IL POTENZIALE DEFLATTIVO DELLE NUOVE TECNOLOGIE
SCENARI
Gli effetti economici della tecnologia devono essere ancora compresi: se già Keynes, nel 1930, si poneva la domanda sulla cosiddetta «disoccupazione tecnologica», 86 anni dopo stiamo ancora dibattendo su cosa accadrà al lavoro con i robot e l’intelligenza artificiale. Ma una cosa appare sempre più chiara e, non a caso, è stata sottolineata anche recentemente dal presidente della Bce, Mario Draghi: la tecnologia si sta mostrando un potente deflattore ed è una delle variabili chiave da monitorare soprattutto in Europa, prima area ad avvicinarsi agli scogli dei prezzi negativi. Non è immediato comprendere come operino le forze deflattive grazie alla Rete in quanto queste agiscono al di fuori del perimetro consumistico. Lo smartphone, per esempio, ha creato un bisogno che non esisteva entrando nel paniere dell’inflazione. Tutti lo vogliamo e il prezzo non è certo quello di un bene comune. Ma se i prodotti come lo smartphone possono alimentare una spinta inflattiva, la Rete spinge in direzione opposta: fin dagli albori il suo più rivoluzionario effetto è stato l’abbassamento del costo di transazione. Il web disintermedia, riduce all’essenziale la catena di distribuzione del valore, aggredisce i prezzi dei servizi (oggi un abbonamento mensile a Spotify costa come un unico cd) e, dunque, i salari. Chi se n’è accorto in anticipo ha creato imperi, occupato spazi, eliminato concorrenti.
Gli effetti positivi non mancano: è grazie a questo fenomeno che dei ragazzi possono avviare delle start up con poche decine di migliaia di euro. Ma allo stesso tempo questo meccanismo ha ridotto le spinte alla base della crescita dei prezzi che si basano fondamentalmente su due forze: la domanda di beni e i salari.

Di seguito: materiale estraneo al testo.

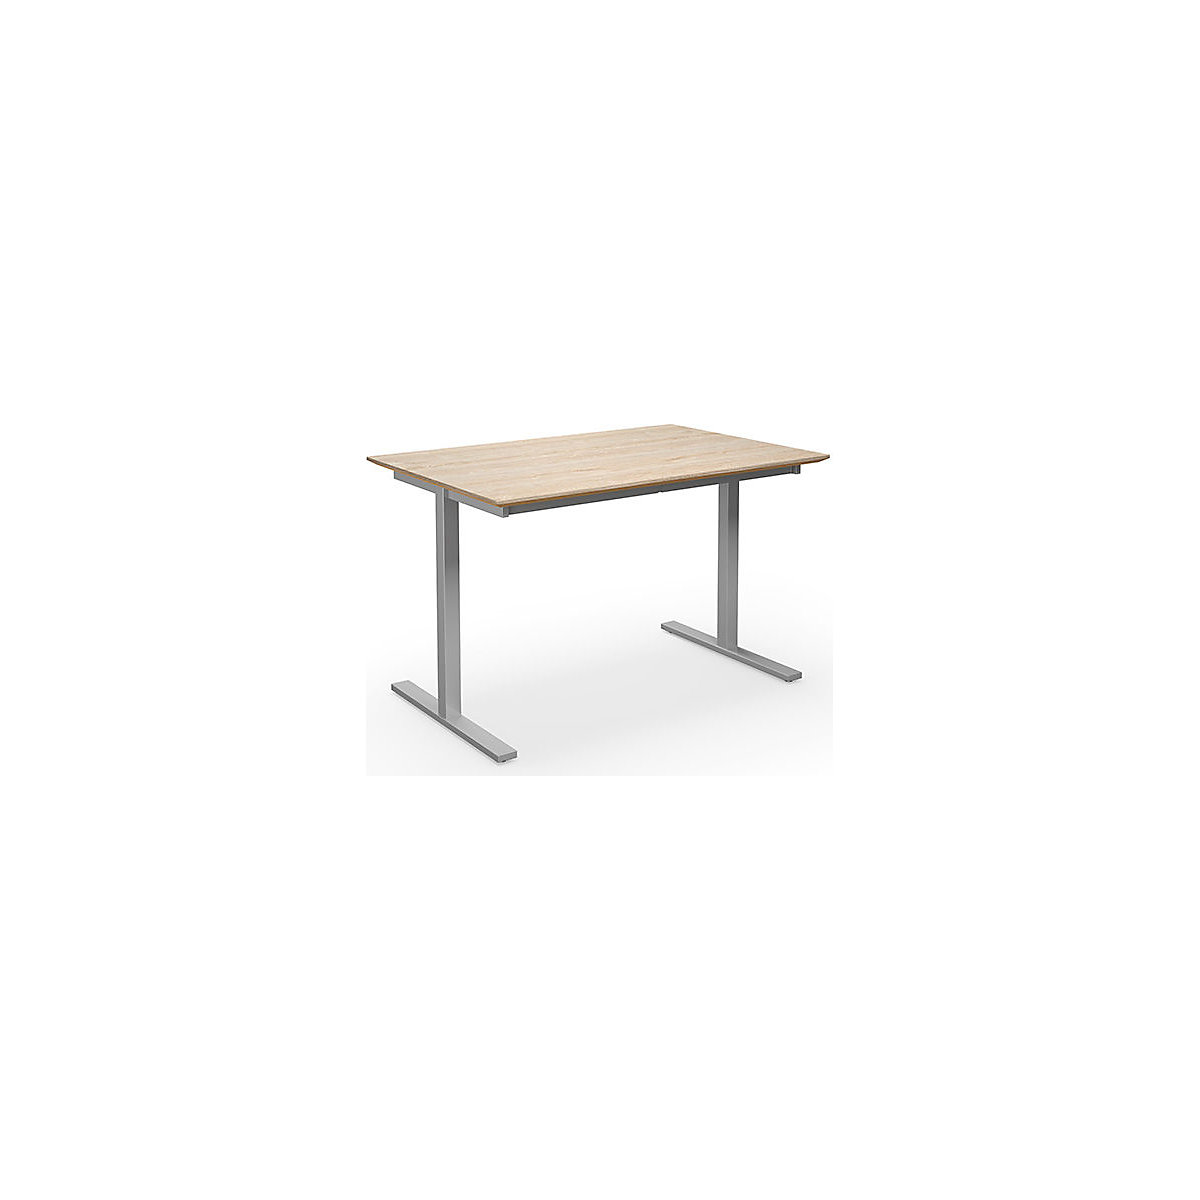 DUO-T Trend multi-purpose desk, straight tabletop

Se l’inflazione, come pensava Federico Caffè, è anche l’espressione della propensione delle classi sociali a scaricare sul vicino le tensioni, la tecnologia potrebbe apparire un naturale calmiere degli equilibri economici, fino a quando non spunta la deflazione. Prendiamo come esempio la nuova efficace economia della condivisione. Lo scontro tra taxi e Uber ha attirato l’attenzione per le proteste dei tassisti incapaci di cogliere il cambiamento: ostinarsi a non volere usare la forza delle «app» corrisponde a usare un profilo quadrato quando è stata scoperta la ruota. Ma una cosa è vera: la nuova economia crea opportunità, non stabilità. Quando i fondatori di Uber o di Airbnb parlano di «posti di lavoro» modificano i lemmi: affittare una stanza con Airbnb può aiutare il ceto medio ad arrotondare lo stipendio ma non può garantire delle rendite. Già oggi negli Usa UberX è considerato un valido ammortizzatore sociale tra un’occupazione e un’altra. Minori salari corrispondono a minore propensione al consumo e, infine, a minore inflazione da domanda. È il cane della tecnologia deflattiva che si morde la coda. E dovremo sempre di più farci l’abitudine.